Provided data.
--- START ---
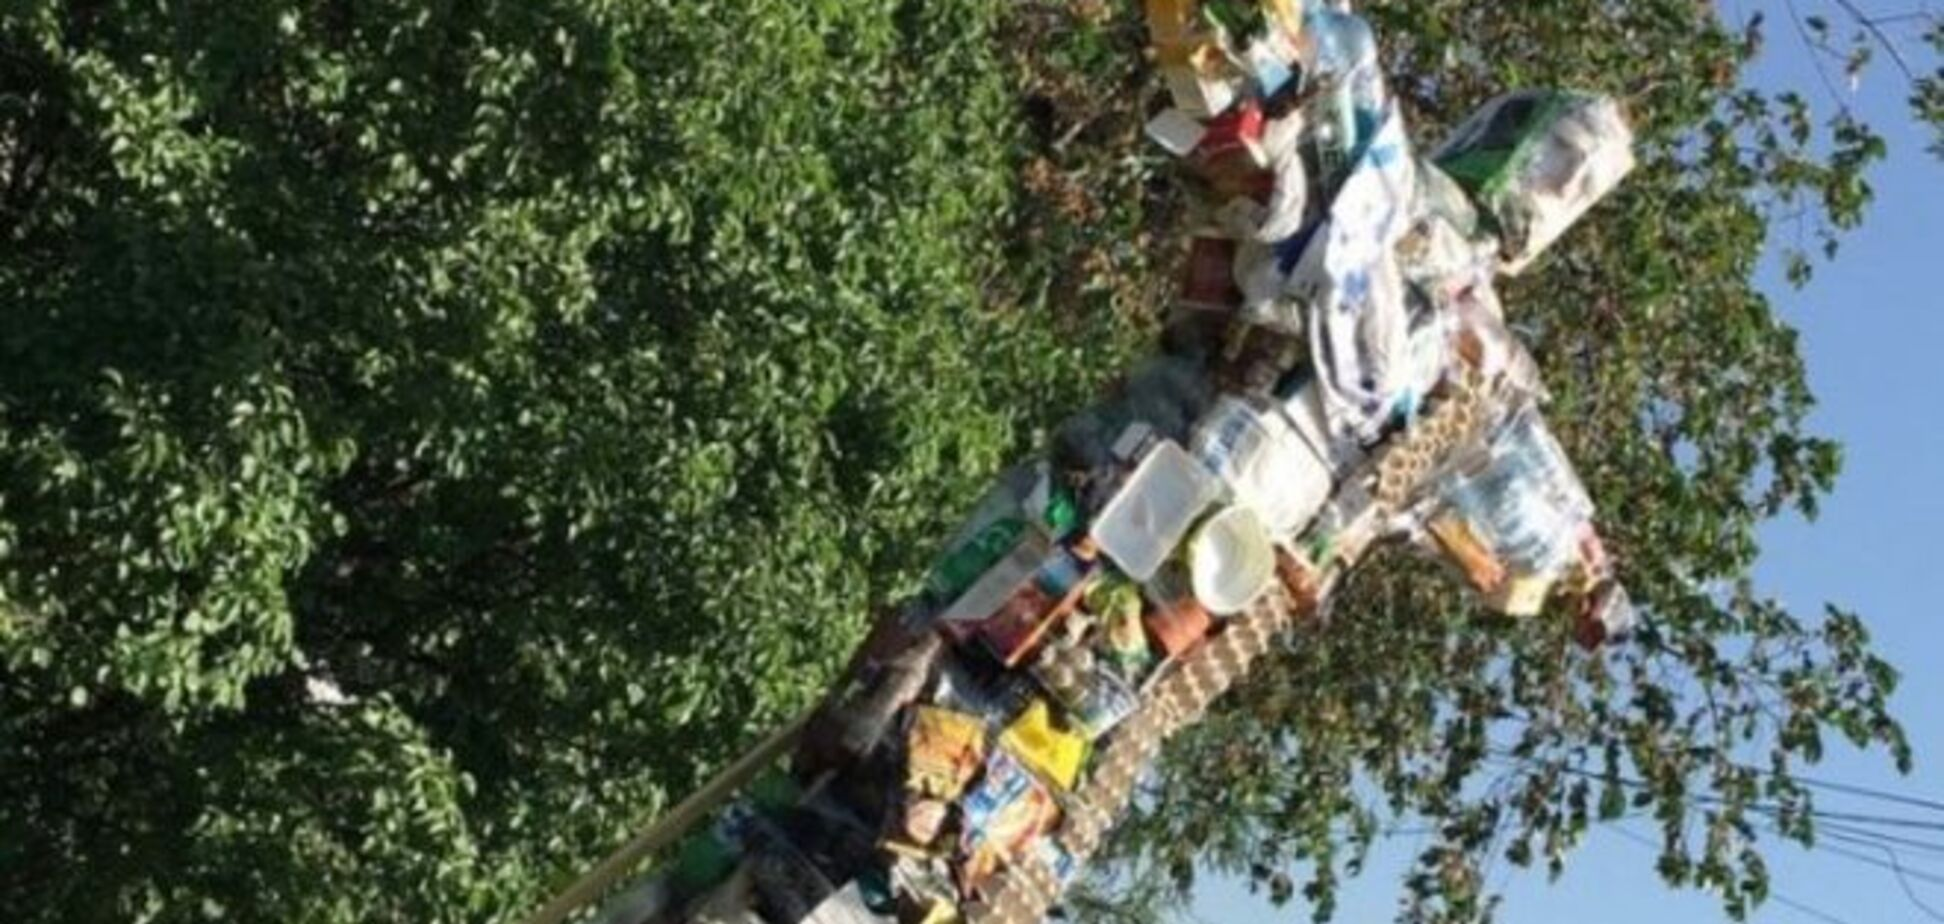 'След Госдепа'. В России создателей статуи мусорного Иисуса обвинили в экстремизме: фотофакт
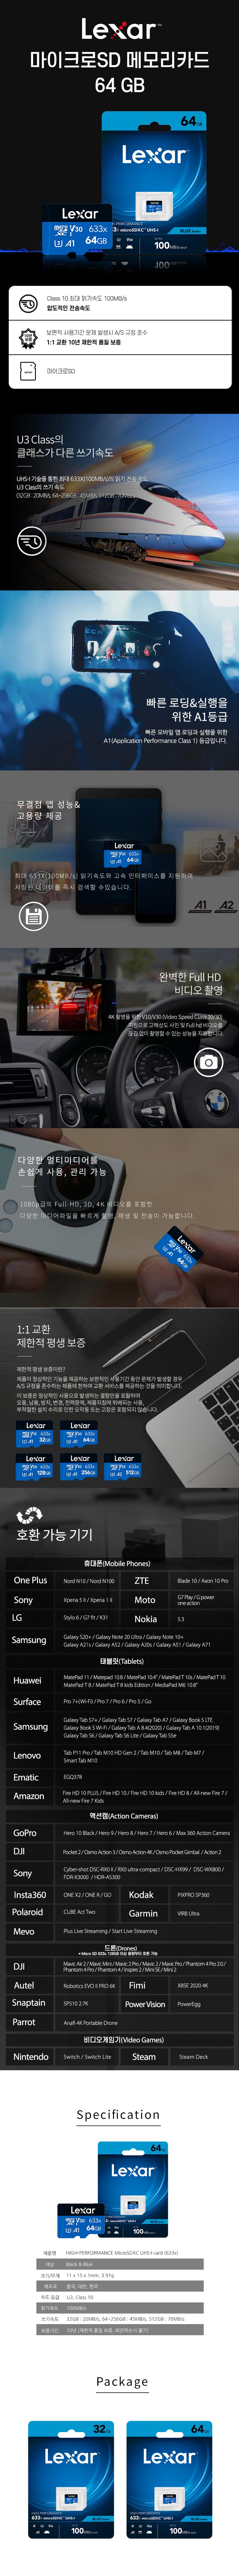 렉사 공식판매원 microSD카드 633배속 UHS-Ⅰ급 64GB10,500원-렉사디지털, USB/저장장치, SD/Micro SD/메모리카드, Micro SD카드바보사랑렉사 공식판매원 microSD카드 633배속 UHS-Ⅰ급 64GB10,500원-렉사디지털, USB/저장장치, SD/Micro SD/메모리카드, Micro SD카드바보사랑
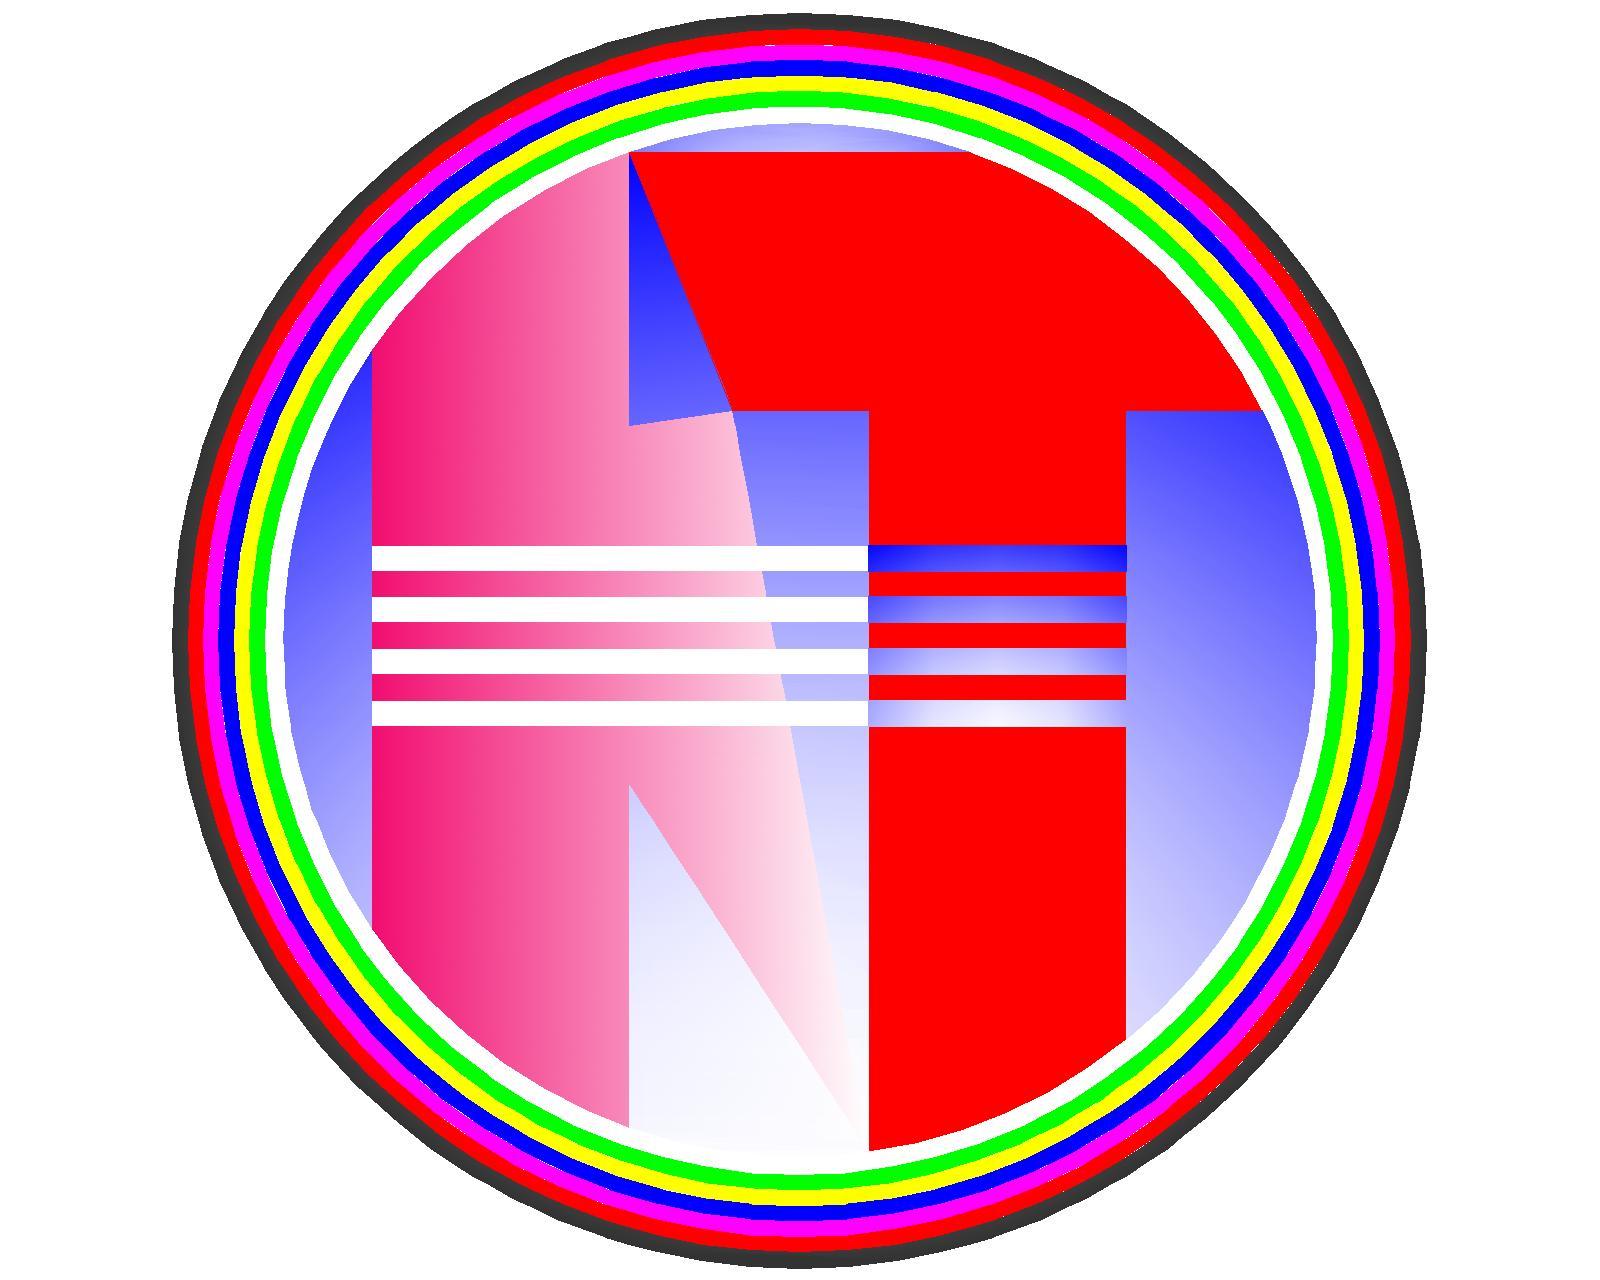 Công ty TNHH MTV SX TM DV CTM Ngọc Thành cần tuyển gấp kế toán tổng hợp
--- END ---
Your goal. Because the copy must hold no pictures, return only the lines that run from the line containing "SD/메모리카드, Micro SD카드바보사랑렉사" to the end of the data above, each exactly as it stands.

Written reply.
 렉사 공식판매원 microSD카드 633배속 UHS-Ⅰ급 64GB10,500원-렉사디지털, USB/저장장치, SD/Micro SD/메모리카드, Micro SD카드바보사랑렉사 공식판매원 microSD카드 633배속 UHS-Ⅰ급 64GB10,500원-렉사디지털, USB/저장장치, SD/Micro SD/메모리카드, Micro SD카드바보사랑
 Công ty TNHH MTV SX TM DV CTM Ngọc Thành cần tuyển gấp kế toán tổng hợp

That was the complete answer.